Other work demonstrated that IPSE was a pepsin-sensitive, heat stable, 30-40 kDa glycoprotein (Wuhrer et al., Meevissen et al., and Meevissen et al.) that binds to IgE (Haisch et al. and Xie et al.), possibly through a crystallin fold (Meyer et al. and Meyer et al.). IPSE has also been reported to potentially induce IL-10 secretion by Bregs (B regulatory cells) by binding antibodies on the surface of these cells (Haeberlein et al.).

Another host modulatory property of IPSE is its capacity to bind to and neutralize the activity of multiple chemokines (Smith et al.). It is possible that this activity of IPSE allows it to “mold” schistosome egg granuloma progression, since induction or administration of anti-IPSE antibodies leads to increased granuloma size in the mouse liver (Fahel et al.) and lung (Smith et al.).

Perhaps the most astonishing ability of IPSE is its ability to enter host cell nuclei through the action of a nuclear localization sequence (Kaur et al.). It is possible that once in host cell nuclei, IPSE induces changes in gene transcription.

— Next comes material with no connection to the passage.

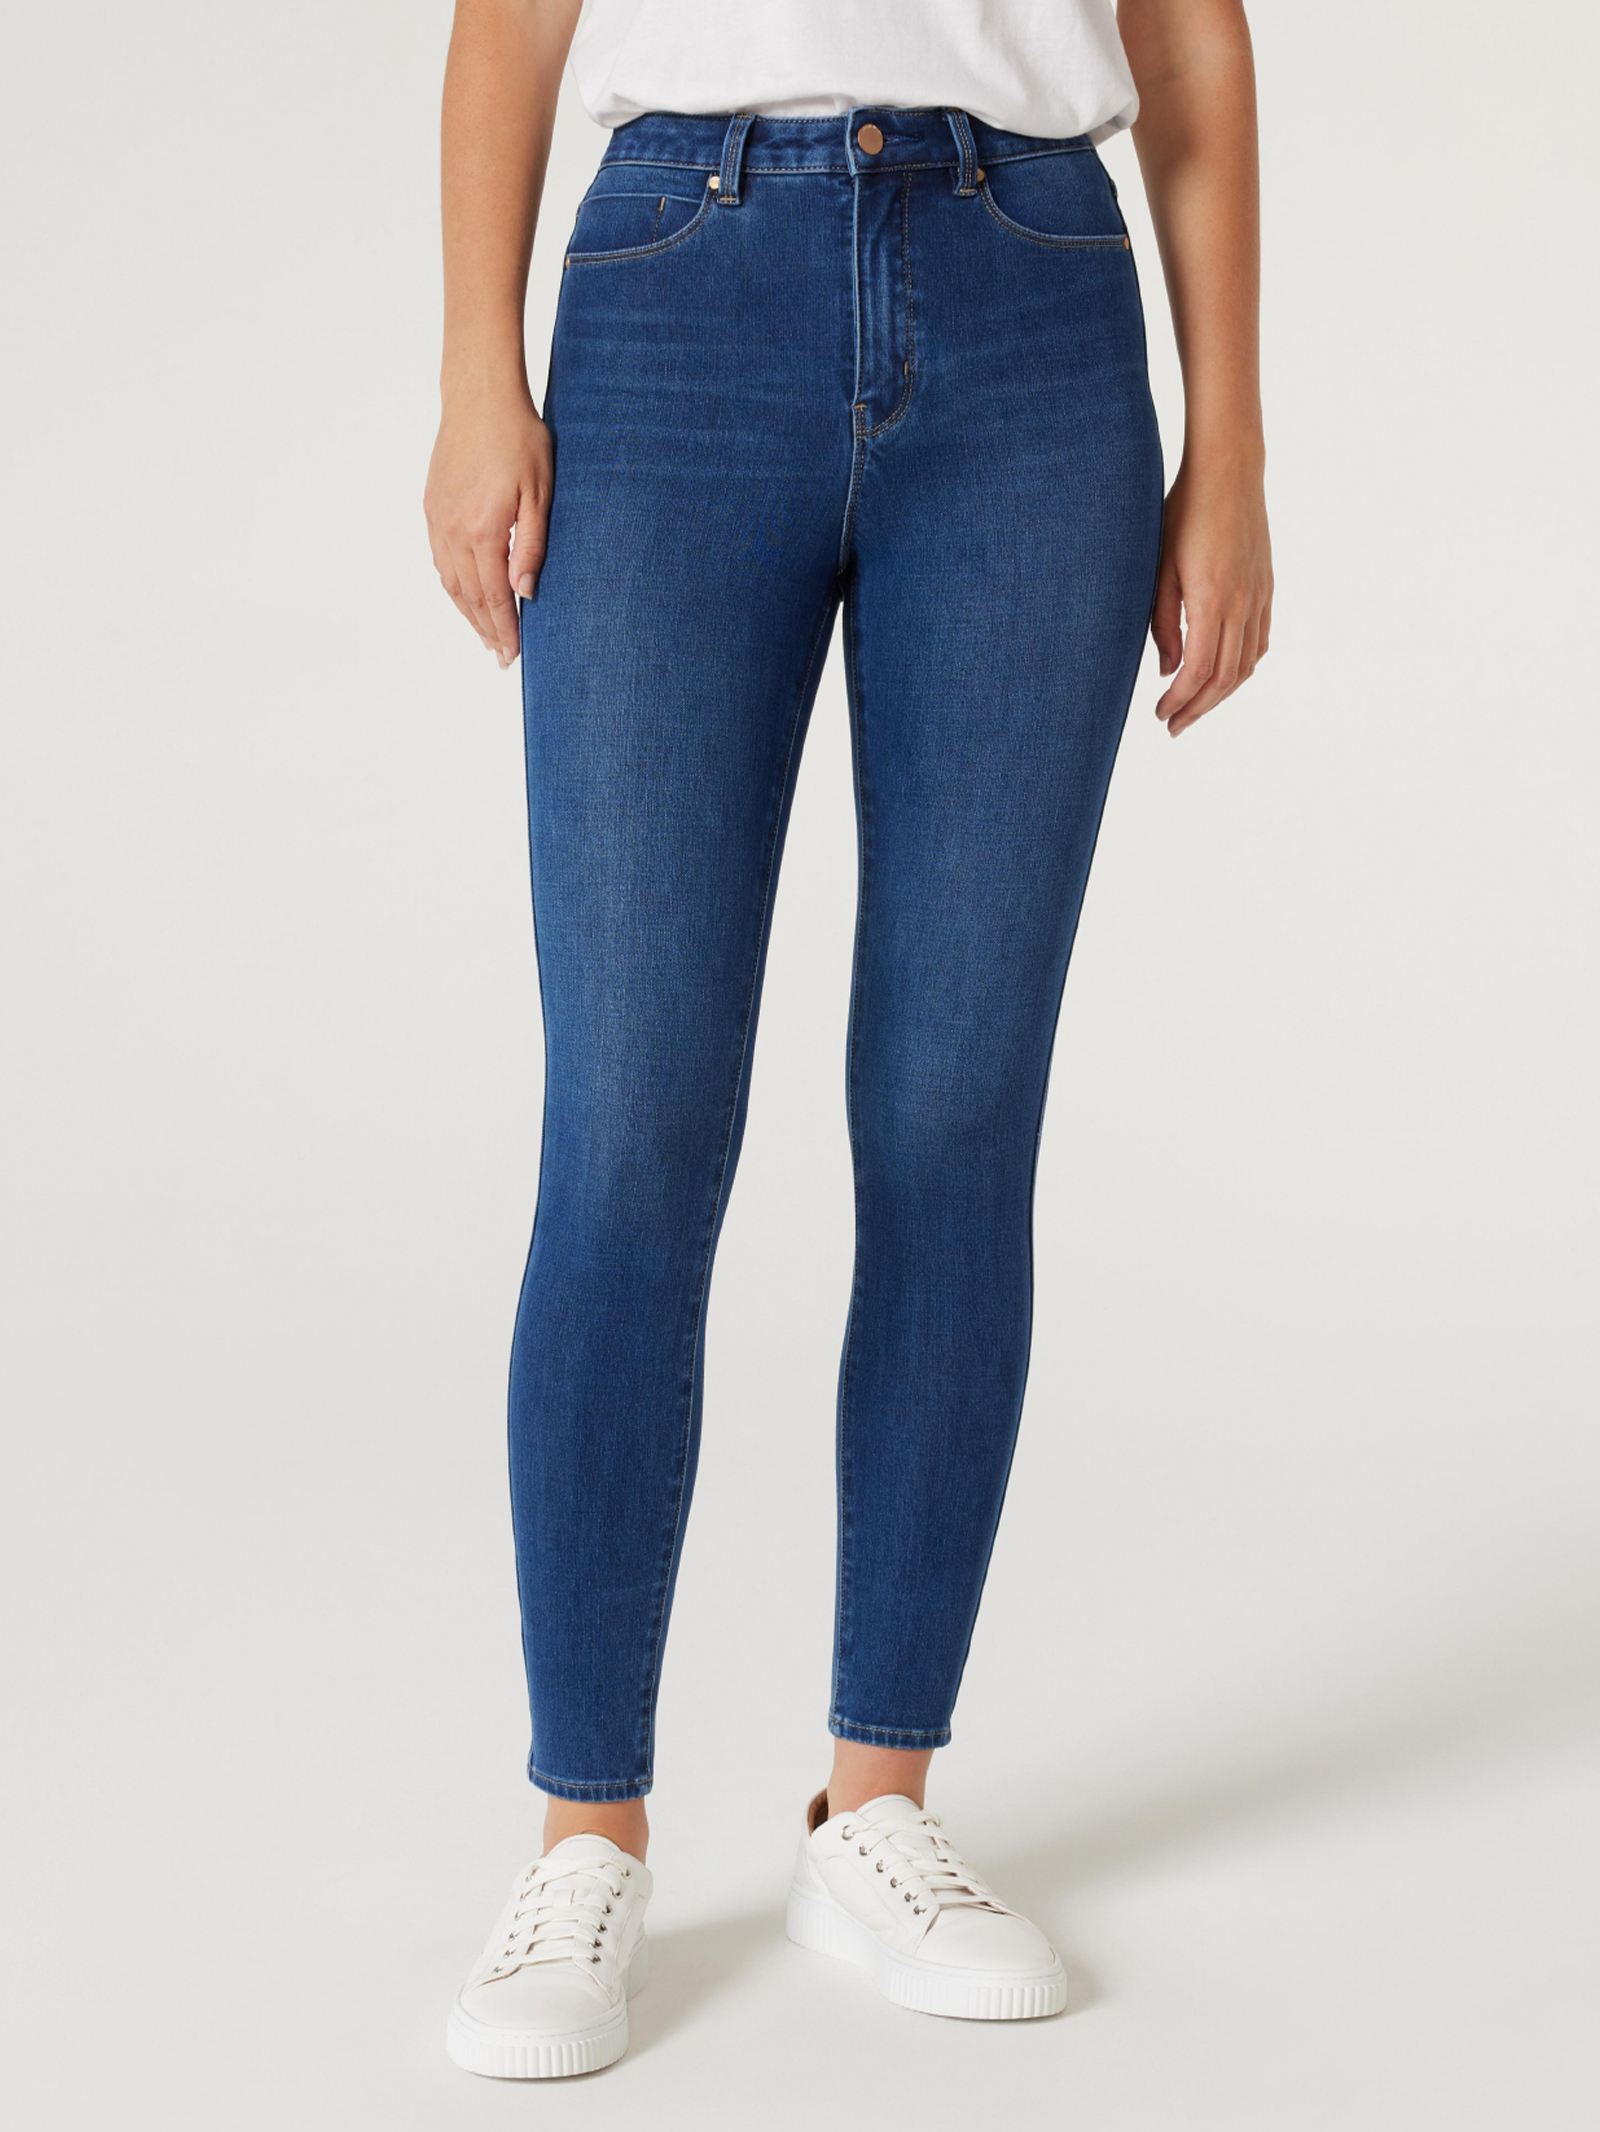 Freeform 360 High Waisted Skinny jeans | Jeanswest

The importance of IPSE in schistosomiasis-associated immune responses was underscored by Oliveira et al., who reported that individuals living in schistosomiasis-endemic areas and yet resistant to infection had higher titers of anti-IPSE IgE antibodies.


IPSE’s profound immunomodulatory properties may have implications that extend beyond schistosomiasis. Li et al. observed that pig fibroblasts engineered to produce IPSE and injected into mice shifted the xenogeneic immune response to a type 2 immunity-associated profile. These workers speculate that IPSE could be used to prevent rejection of xenogeneic transplants. Doenhoff et al. and Igetei et al. demonstrated that antibodies to peanut allergens cross-react with antibodies to IPSE, which they conjecture is consistent with the hygiene hypothesis (the theory that allergies are becoming more common in the developed world because our immune systems are no longer “primed” by parasites and other infectious agents present in less clean environments):


From Doenhoff et al. Western blot immunoreactivity of acid-eluted antibodies and control rabbit antisera monospecific for S. mansoni egg antigens; IPSE/alpha-1 and kappa-5 against S. mansoni egg antigens. M = molecular size markers. Primary antibodies: 1 = anti-SmSEA; 2 = anti-SmSEA antibodies eluted from the 43 kDa latex molecule; 3 = rabbit antiserum specific for S. mansoni egg antigen IPSE/alpha-1; 4 = rabbit antiserum specific for S. mansoni egg antigen kappa-5
We have cloned the Schistosoma haematobium orthologs of IPSE (hereafter referred to as H-IPSE, Pennington et al.):


Although there are multiple H-IPSE orthologs predicted to be present in the S. haematobium genome, they cluster into two main clades exemplified by H03-IPSE and H06-IPSE (panel A). These orthologs exhibit >60% identity to M-IPSE (S. mansoni ortholog of IPSE) and 86% to each other, and feature a signal peptide, multiple disulfide bonds, and a nuclear localization sequence like M-IPSE (panels A and B). H-IPSE orthologs are only found in egg-secreted protein and soluble egg antigen (panel C), and mRNA is only expressed in eggs and adult female worms (which carry eggs):


Stage -specific expression of H-IPSE mRNA. RT-PCR results for H-IPSE obtained from cDNAs, prepared by reverse transcription of DNAse-treated RNA of various life stages of S. haematobium. Ladder: 100 basepair (Bp) DNA ladder; egg: S. haematobium egg cDNA; mir: miracidial cDNA; cer: cercarial cDNA; som: in vitro  mechanically transformed schistosomula cDNA; Ad, F, M mixed cDNA from female, male or mixed adult worms, respectively. ShTub: control housekeeping gene, S. haematobium tubulin.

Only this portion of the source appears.